Joseph Yuan (Chinese name: 袁在德; 1766 – 1817) was a Chinese priest and martyr of the 19th century.

==Life==
He was born in 1766 in Pengshui, Chongqing, Sichuan. His Chinese name was Yuan Zaide. When he was young, he heard the preaching of Gabriel-Taurin Dufresse and converted to Christianity. His baptismal name was Joseph.

He felt a calling to the priesthood and studied to become a priest at the Luoranggou mission seminary in Yibin, Sichuan. He was ordained to the priesthood on September 20th 1794. Following his ordination, he worked as a missionary priest in eastern Sichuan.

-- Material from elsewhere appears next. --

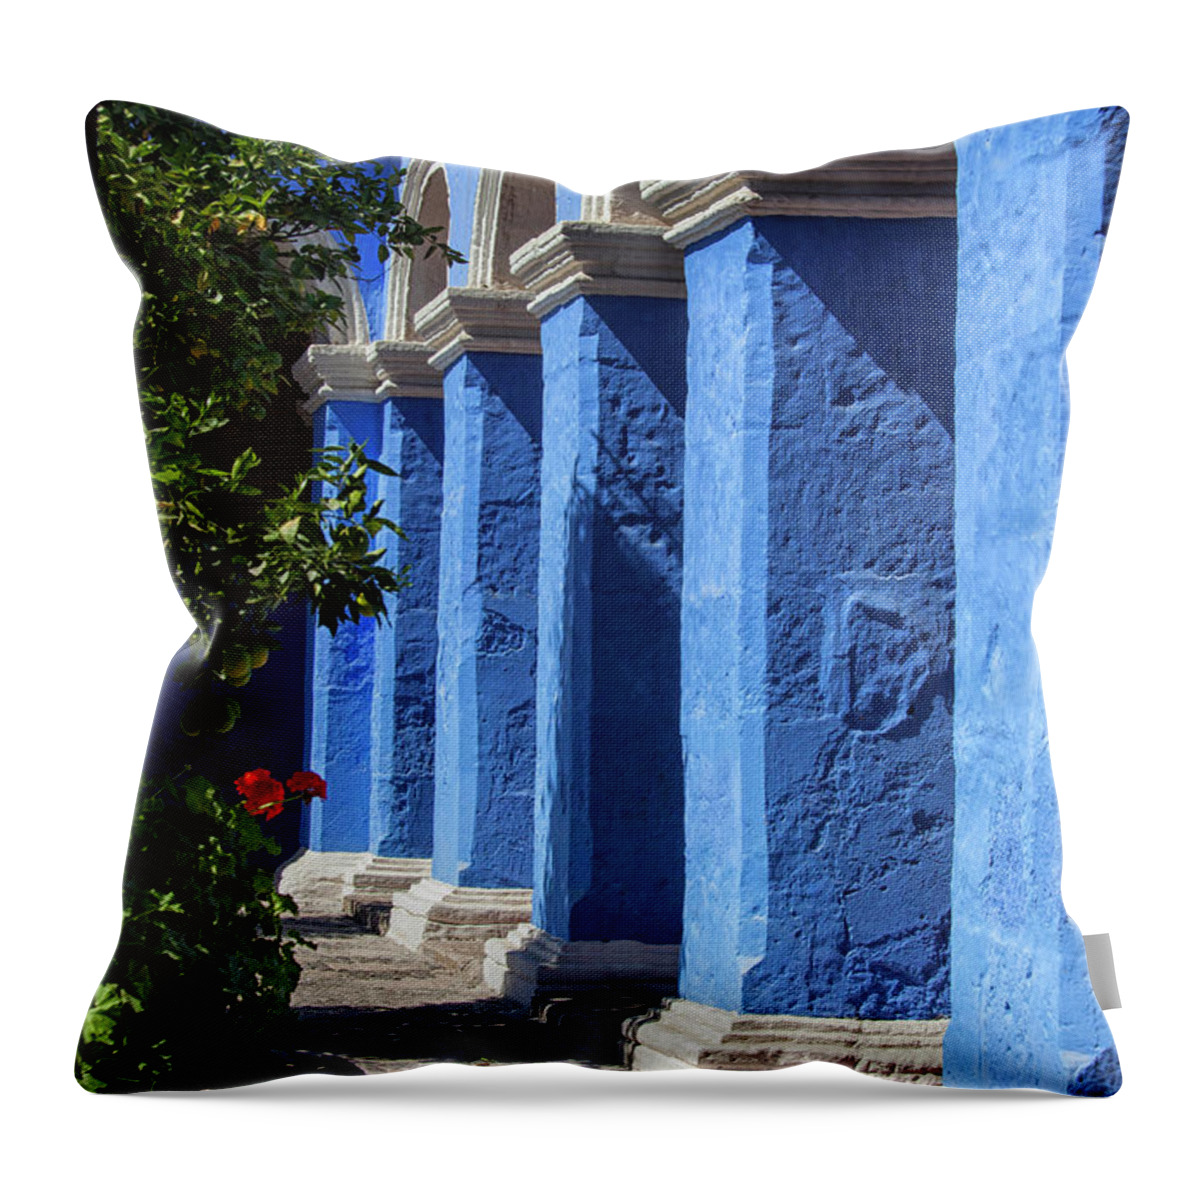 Still Life Throw Pillow featuring the photograph Blue monastery by Patricia Hofmeester

A wave of persecution against Christians occurred during the reign of the Jiaqing Emperor. During this persecution, Joseph Yuan was arrested and ordered to renounce his faith. He refused and was executed by strangulation on June 24th 1817.

==Canonization==
He was beatified on May 27, 1900, by Pope Leo XIII and canonized along with other martyrs of China on October 1, 2000, by Pope John Paul II.